Let me explain why I originally put my name to the new clause. I am sorry that the hon. Member for Garscadden has left the Chamber, but I did not think that most of his speech was very relevant to the new clause—especially the first part, which was a thinly veiled attack on various executives in individual businesses. I look forward to an explanation from my right hon. Friend, not having received much of an explanation from the Opposition. If the new clause is about supplying information to pension scheme members so that they can understand better how their money is being used, where it is being invested, what the impact is and whether they have a role to play or a view to express, I consider it a reasonable proposal —

Mr. Geoffrey Hoon (Ashfield)

Will the hon. Gentleman give way?

Sir Andrew Bowden

I should like to give way to the hon. Gentleman, but I understand that time is short and I gave a pledge that I would make a short speech.

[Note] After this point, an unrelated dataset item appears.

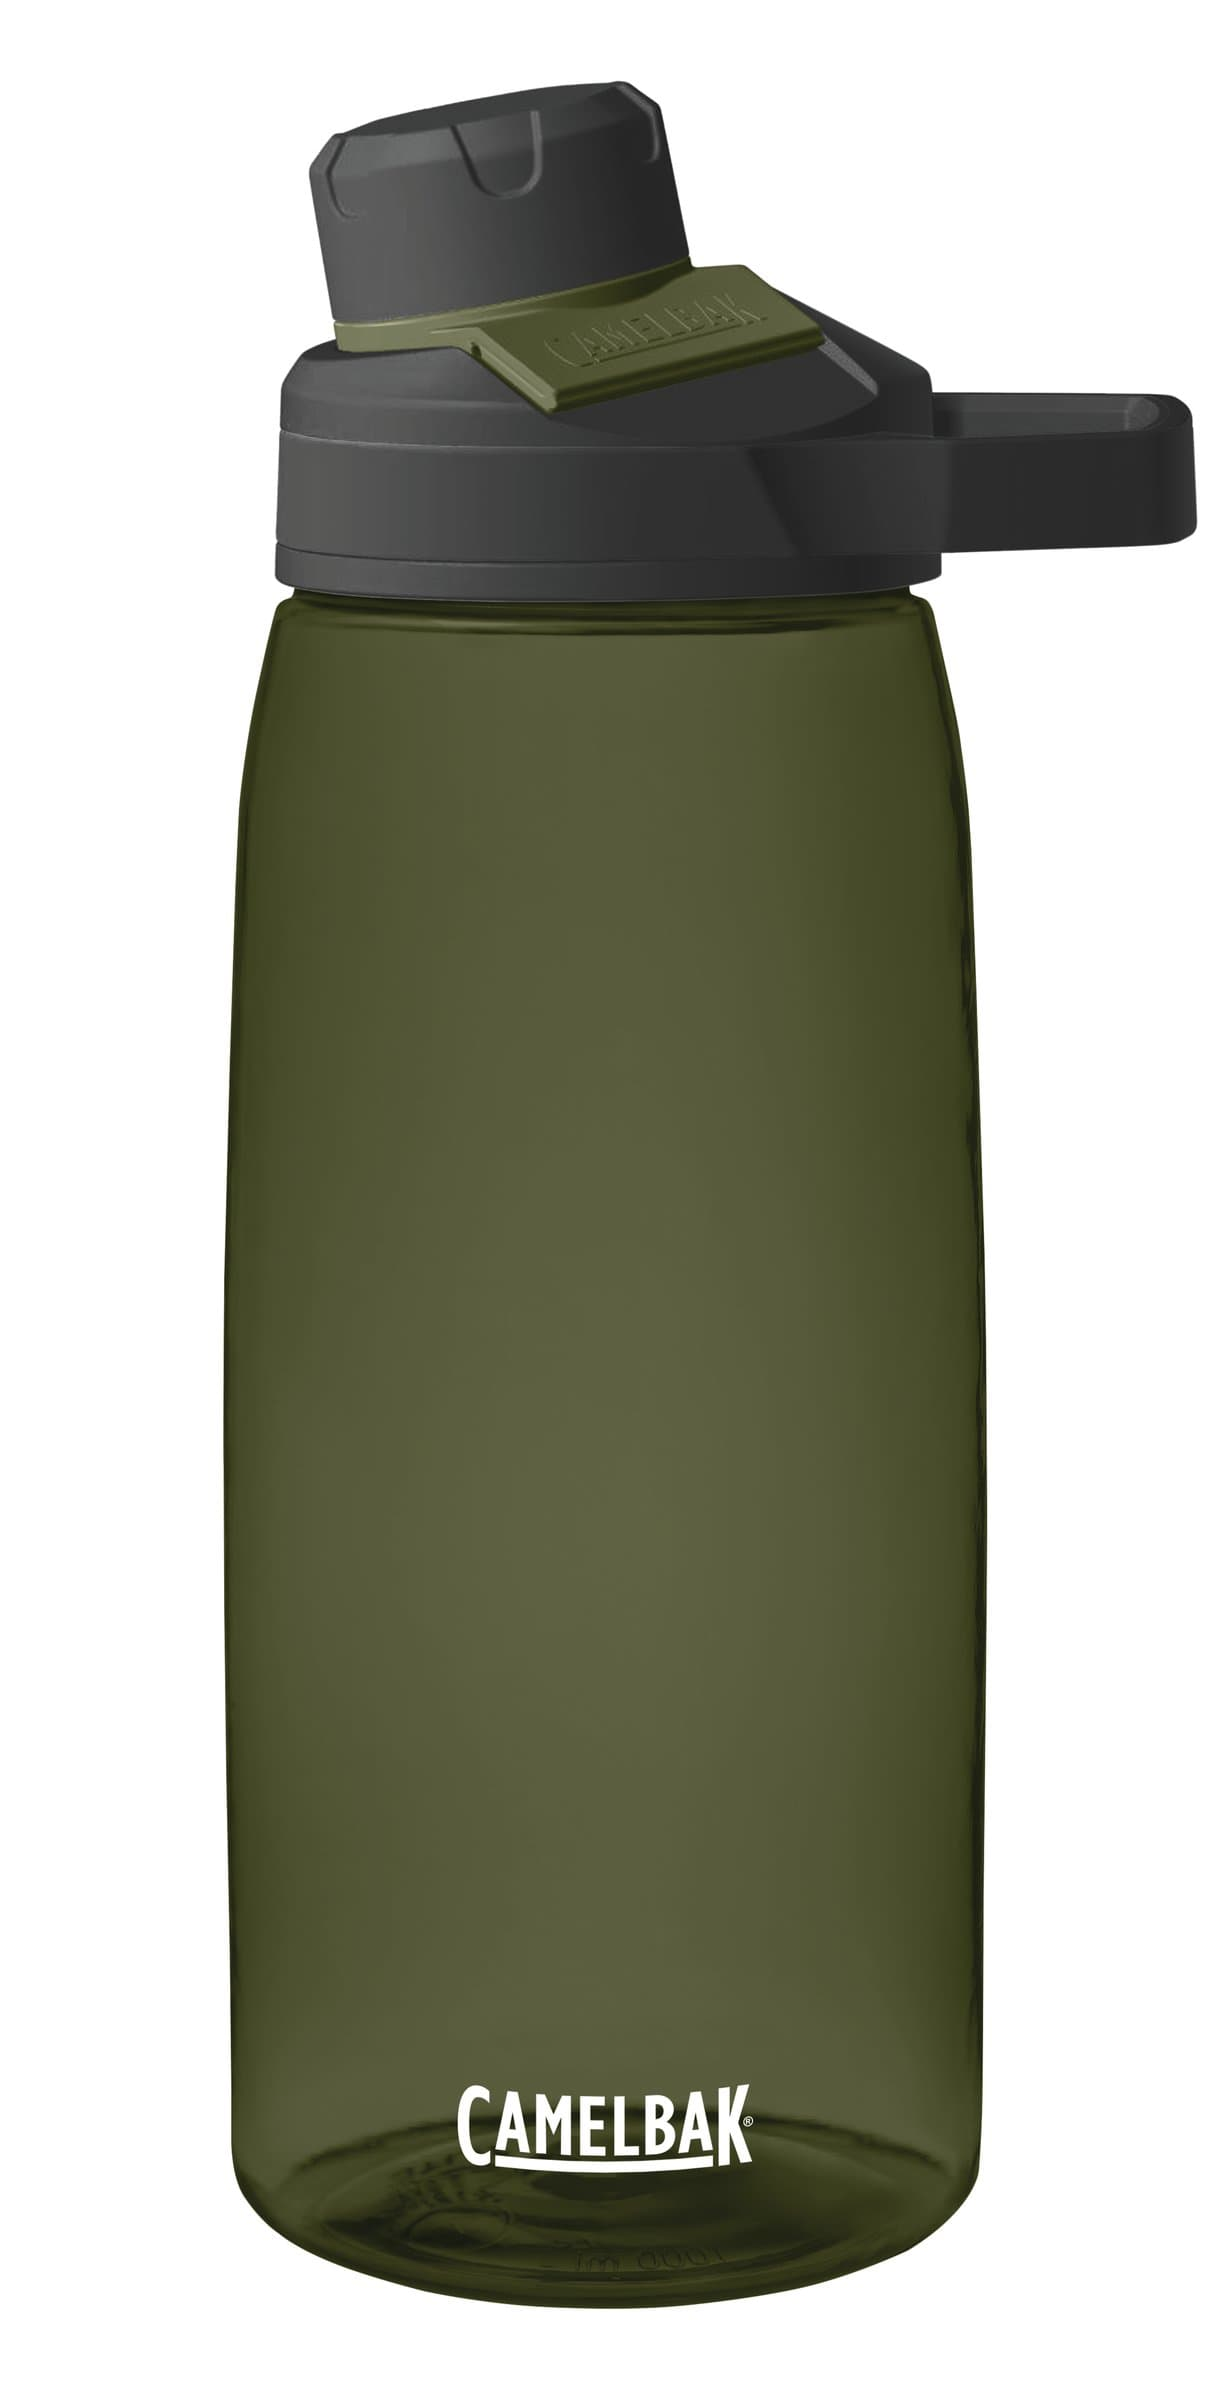 Camelbak Chute Mag Bottle 1.0 Trinkflasche

If I have got the new clause right, I look forward to my right hon. Friend telling me about it, and I shall then judge what action I should take in the Division Lobby.

Mr. Hoon

May I make it clear to the hon. Member for Brighton, Kemptown (Sir A. Bowden) that new clause 4 makes it plain that it is concerned simply with the provision of information? As I hope to explain, such provision has implications for pension funds and the companies in which they invest, but the new clause is primarily an exercise in transparency for the benefit of people who contribute to their pension funds and therefore indirectly purchase shares in companies, specifically British companies.

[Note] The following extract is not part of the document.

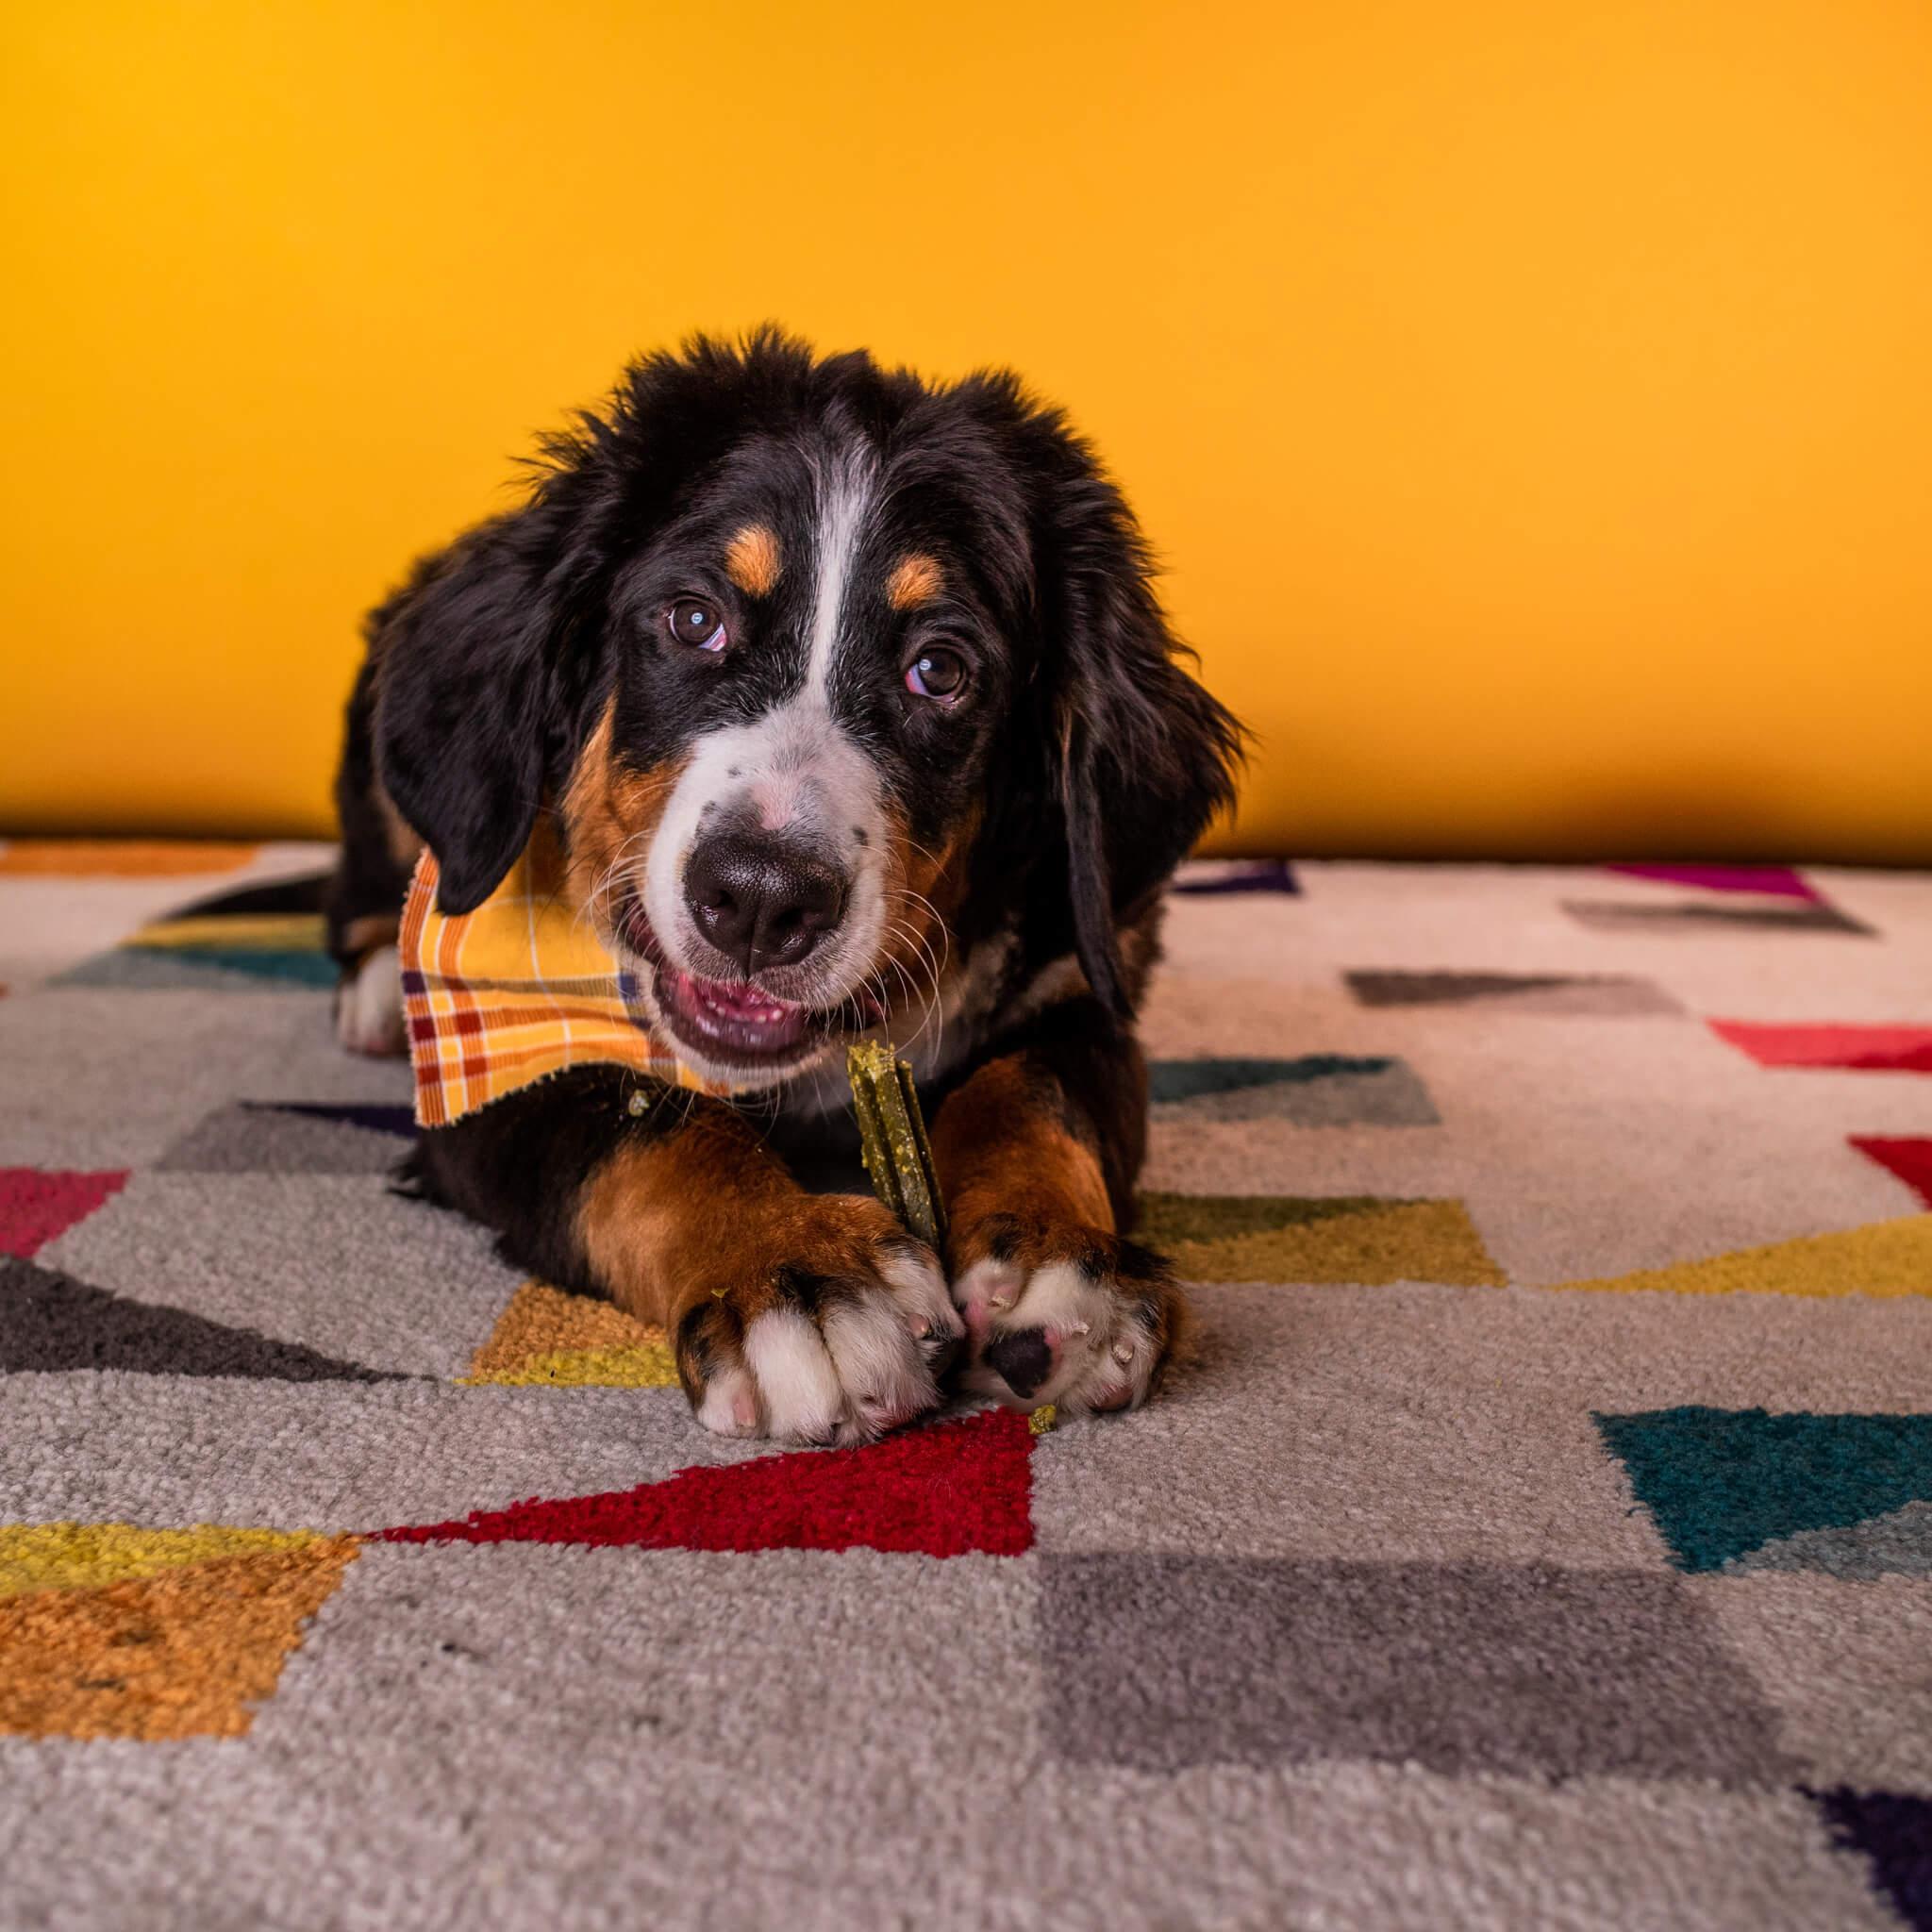 dog chewing on a dental chew stick | Pupford

We are concerned with corporate governance. We are trying to promote greater corporate responsibility on the part of trustees or managers of pension schemes in respect of shares held by a pension fund and of the use of associated voting rights.

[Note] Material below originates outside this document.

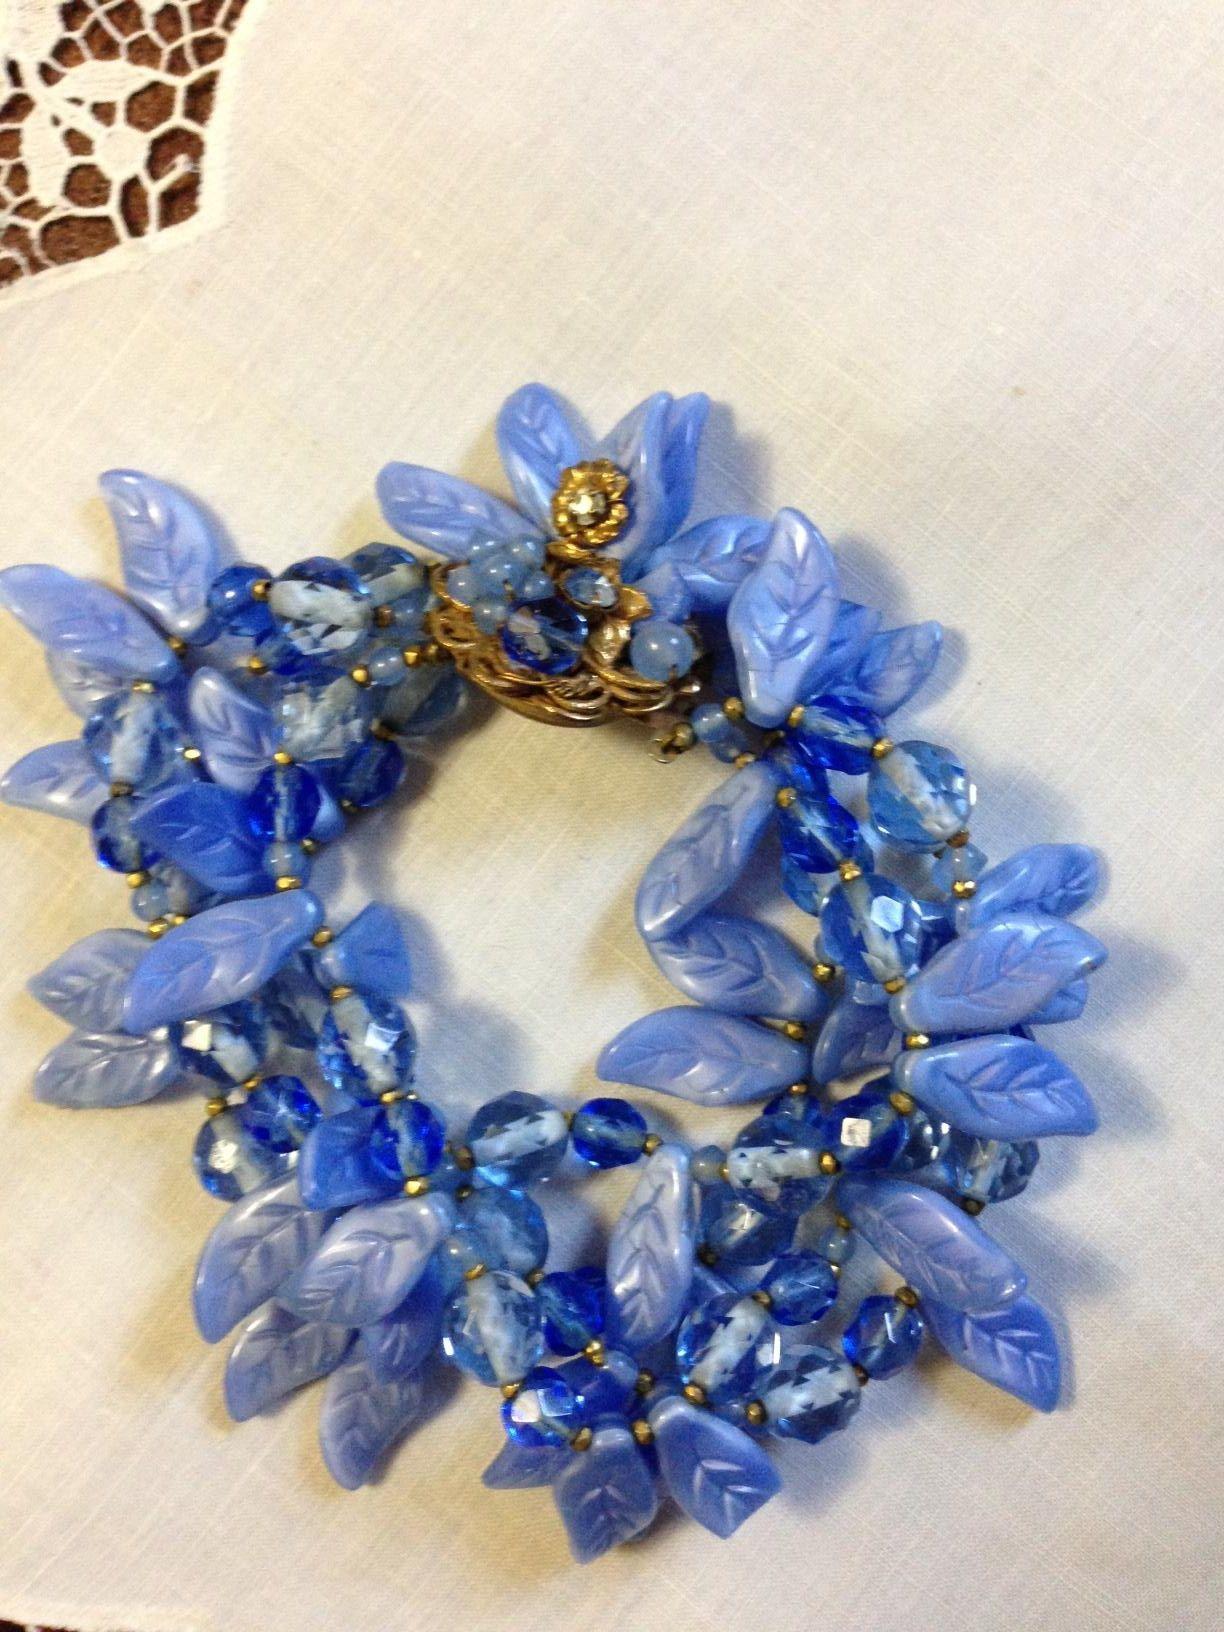 Robert DeMario Glass Bead/Leaf Bracelet

The starting point for the debate must be the fact that United Kingdom pension funds hold assets totalling about £500 billion. It has been estimated that they hold about 35 per cent. of the total shares available on the UK equity market. Pension funds, along with many other institutional investors, are frequently the most significant institutional grouping among shareholders in any company. In practice, they may hold a controlling interest in a company.

It is important that, as pension funds are such significant shareholders in UK companies, they should exercise the responsibilities that go with voting rights and the holding of shares in a proper way. That should be in the national interest, as they receive significant tax concessions. They may have been able to accumulate shares in companies as a result of those tax concessions, which are, in effect, paid for by the UK taxpayer. The taxpayer must therefore have an interest in how those shares are held and in the manner in which funds are used and voting rights exercised.

The new clause therefore deals specifically with the accountability of pension funds for their actions, both on behalf of people who have paid into a fund and their consequential position as indirect shareholders in major companies. With the new clause, we are seeking to establish the responsibilities that pension funds have to people who have, in effect, paid for shares by their pension fund contributions.

The basic principle should be that scheme members who contribute to funds that are then invested in UK companies should have the right to know how the trustees or managers of the fund intend to use their voting rights to influence the policy and strategy of the company in question. Scheme members pay into the company, be it indirectly through their pension contributions, so surely it is not unreasonable to expect some information about how associated voting rights are then deployed. In essence, that is the purpose of the new clause.

We know that the Cadbury committee has made recommendations on good corporate governance. It concluded that the trustees or managers of pension funds have a responsibility to vote their shares. As has already been mentioned by my hon. Friend the Member for Glasgow, Garscadden (Mr. Dewar), to a great extent, that practice has been adopted in the United States of America. In 1974, legislation was introduced to encourage the process. Since 1988, it has been recognised that a shareholder's vote is an asset of a fund. That means that, in United States law, a pension fund has become under a duty to vote shares, unless there has been a positive decision not to do so.

Moreover, as I understand the position in the United States, it flows from that that the pension fund is required to inform itself of the role that its shareholding has in a given company and therefore of the role that its shareholding plays in influencing the direction of corporate activities.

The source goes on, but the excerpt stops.